Through June of this year, the St. John Planning and Zoning Department granted 56 residential permits, just one shy of the 57 that were issued in all of 2007. But the parish appears unlikely to finish the year anywhere near its average of 241 permits over the last eight years.
“There’s no way we’ll hit 200 this year,” said Lou Vaughn, a manager at St. John Planning and Zoning. “We expect it to pick up maybe a little bit in the second half, but there are just so many houses for sale right now.”
Residential permits and the housing starts that follow are widely considered to be a reliable indicator of the state of the economy. Housing starts show that people have money or that they can – and aren’t afraid – to borrow it from banks.
Joey Scontrino, founder and owner of Landcraft Homes, the largest homebuilder in the parish, said people are staying put for the time being more out of fear than unfavorable pricing, describing current interest rates as “relatively affordable.”
“When you turn on the TV and all you see is how bad the world is, nobody wants to spend a lot of money,” Scontrino said. “I don’t anticipate things to improve in the second half. I think they’ll slide further and I suspect next year won’t be as good as this one.”
The plunging numbers come just a year and a half after the parish recorded all-time highs in residential starts for 2006 as the area was rebounding from Hurricane Katrina. The 421 permits issued that year – including 148 in December alone – set a modern record for St. John. But those numbers were largely attributed to builders rushing to obtain permits before a stricter International Building Code was enacted in 2007. The rush in 2006 and new regulations were then blamed in part for a precipitous drop in 2007.
The inauspicious first half of 2008, however, was by no means limited to St. John, or the South for that matter. Residential building permits nationwide are down about 24 percent from this time a year ago, according to data released recently by the U.S. Census Bureau and the Department of Housing and Urban Development.
Neighboring St. Charles Parish, whose population is comparable to St. John’s, is also experiencing a slowdown. After issuing an annual average of 326 residential permits over the last five years, St. Charles granted just 58 in the first half of 2008. Officials say the same new building regulations that prompted the surge at the end of 2006 – St. Charles finished that year at 563 – are still slowing things down, but they aren’t the only culprit.

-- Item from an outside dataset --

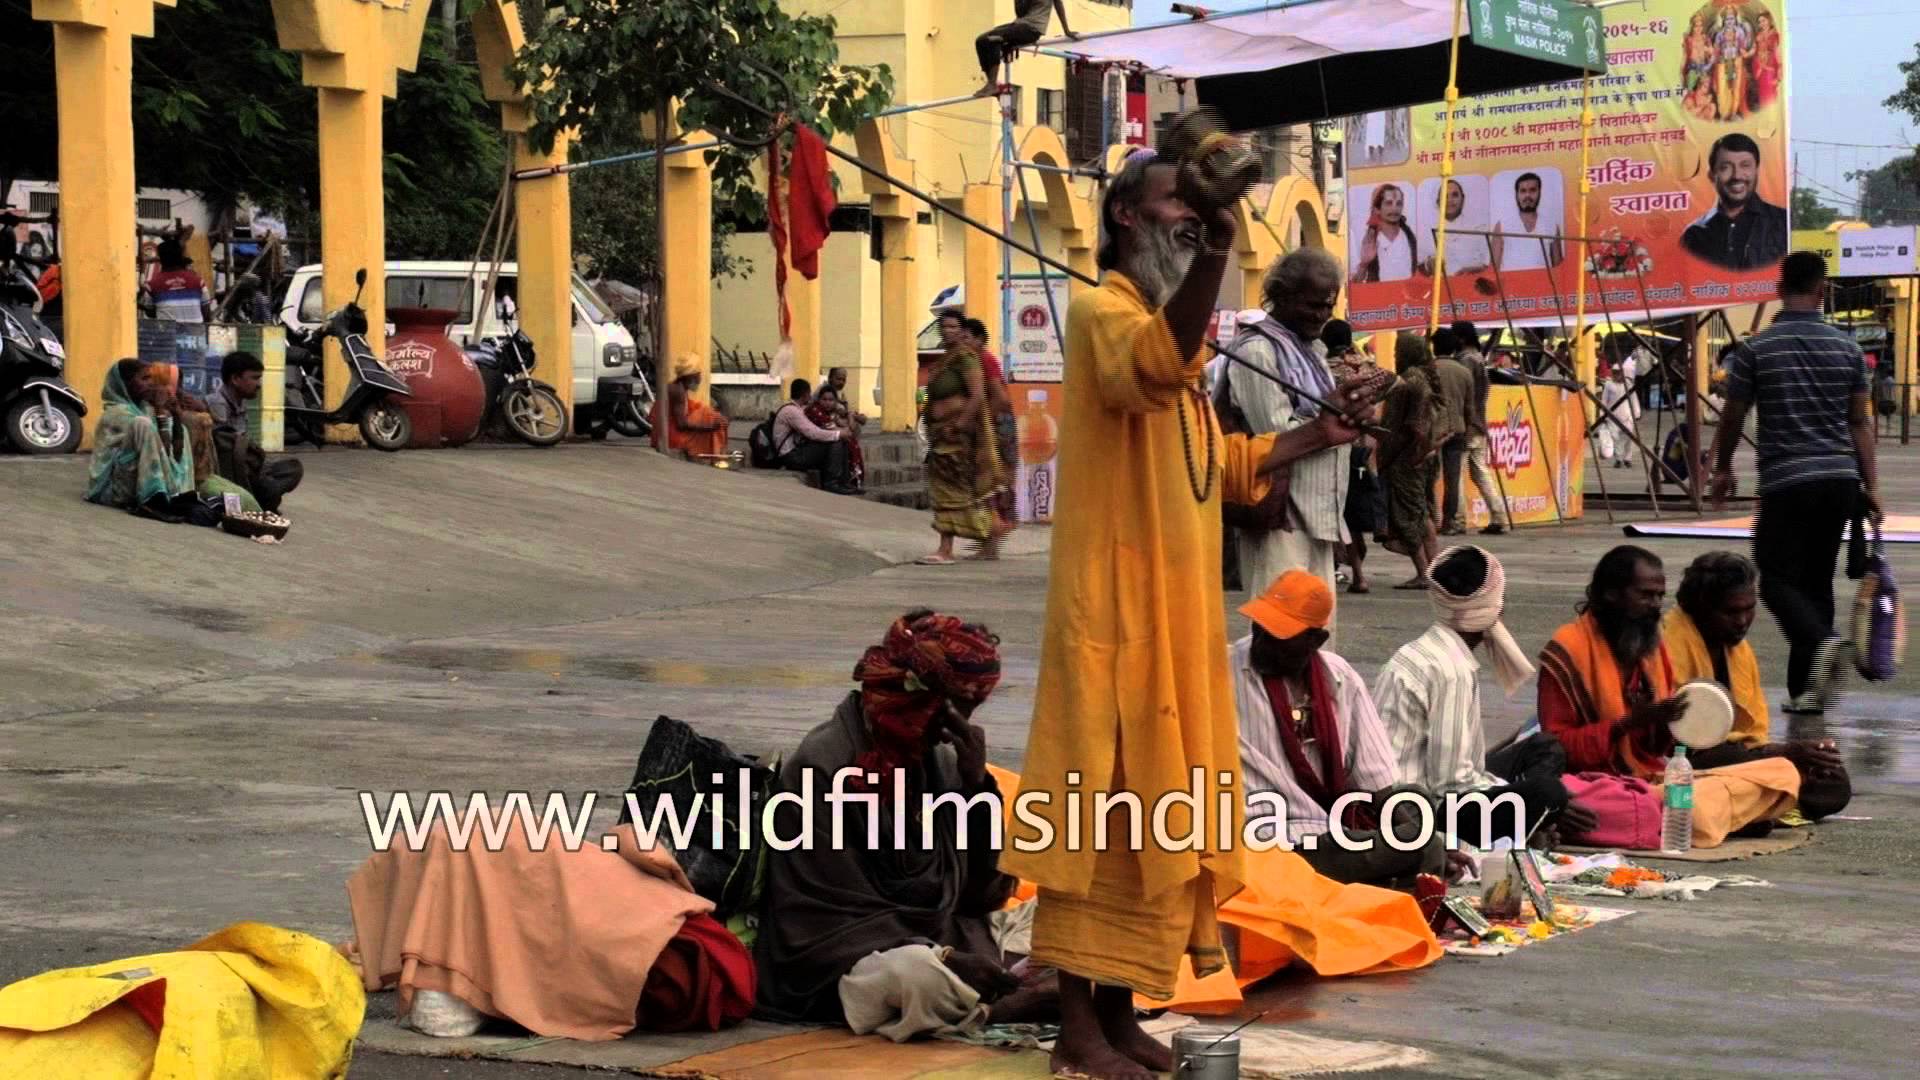 Hindu holy men or sadhus gathered at Nashik Kumbh mela - YouTube

“The ailing housing industry nationwide and troubled mortgage market are some of the factors playing a role in the housing market slowdown in St. Charles Parish, but they are probably secondary influences,” said Steve Romano, development review planner for the St. Charles Parish Department of Planning and Zoning. “Our understanding is that there are other factors more directly affecting new home construction in St. Charles Parish.”
Romano pointed to the higher cost of building materials, newer building height requirements enacted by the Federal Emergency Management Agency, the cost of homeowners’ insurance since the storms and “permit fees going up astronomically because of us being charged with inspecting homes for IBC compliance.”
“Totally speculative but based on current trends, the permit activity will remain lower than in the past five years and gradually increase in coming years,” Romano added. “But it looks like the total for 2008 will be somewhere around the 2007 total, perhaps a little lower.”